The brand new orders strip out some guiding rules of nuclear security, notably an idea often called “As Low As Moderately Achievable” (ALARA), which requires nuclear reactor operators to maintain ranges of radiation publicity under the authorized restrict every time they’ll. The ALARA normal has been in use for many years at each the Division of Power and the Nuclear Regulatory Fee.

Eradicating the usual signifies that new reactors might be constructed with much less concrete shielding, and staff might work longer shifts, doubtlessly receiving increased doses of radiation, based on Tison Campbell, a companion at Ok&L Gates who beforehand labored as a lawyer on the Nuclear Regulatory Fee.

“So the outcome might be decrease development prices, saved employment prices and issues like that,” Campbell stated. “That would cut back the general monetary burden of establishing and working a nuclear powerplant.”

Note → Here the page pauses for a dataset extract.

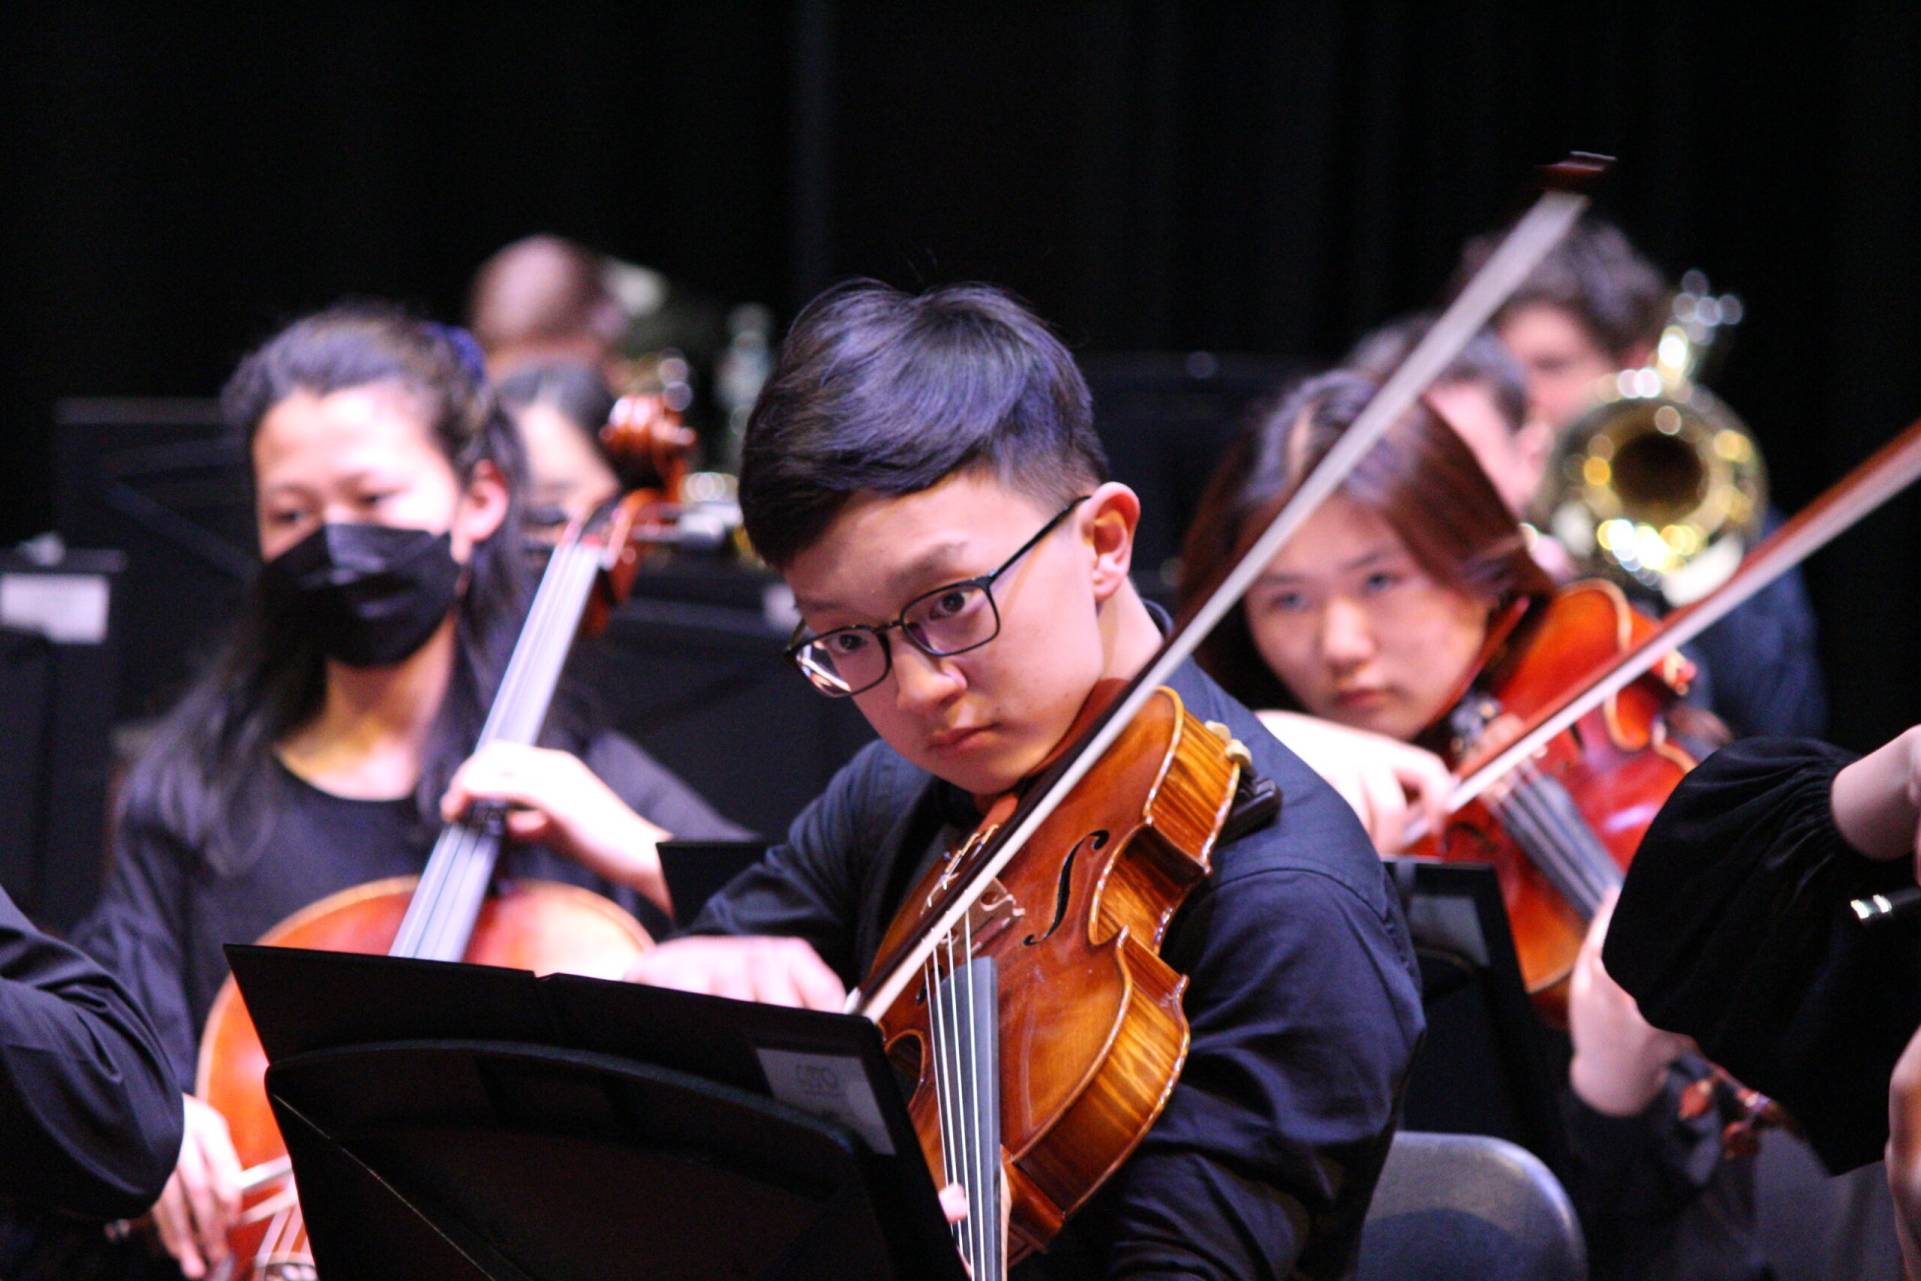 Young violinist performing with other musicians playing in the background out of focus.

Huff stated that many individuals within the trade suppose the idea of ALARA has change into overly onerous, and she or he agrees it is value reconsidering the usual.

“The argument in opposition to ALARA is that in plenty of instances it has been mismanaged and used overly stringently in ways in which transcend the ‘cheap,'” Huff stated.

However not everybody desires to rethink ALARA.

“It actually value the trade cash to decrease doses [of radiation],” stated Emily Caffrey, a well being physicist on the College of Alabama at Birmingham. “However I do not suppose it has been extremely problematic.”

In a memo issued earlier this month, Secretary of Power Chris Wright gave approval to finish ALARA, partially to “cut back the financial and operational burden on nuclear power whereas aligning with out there scientific proof.” The existence of the memo was first reported by E&E Information.

Nonetheless, the orders seen by NPR counsel the division had already begun eradicating the ALARA requirement from the brand new guidelines as early as August, months earlier than the secretary’s approval was given.

ALARA just isn’t the one security precept that has been stripped from the orders. Gone too is the requirement to have an engineer designated to every of a reactor’s vital security programs. Referred to as a Cognizant System Engineer, the concept is to job one particular person to take duty for understanding every a part of a reactor that would result in a extreme accident if it failed.

The brand new guidelines additionally take away a requirement to make use of the “finest out there know-how” to guard water provides from the discharge of radioactive materials.

“Why would not you be utilizing the perfect out there know-how? I do not perceive the motivation for chopping issues like that,” Caffrey stated.

The revised orders omit dozens of references to different paperwork and requirements, together with the division’s total guide for managing radioactive waste. Some strains from the 59-page guide have been built-in into a brand new 25-page order on radioactive waste administration, however pages of detailed necessities for waste packaging and monitoring have been eliminated.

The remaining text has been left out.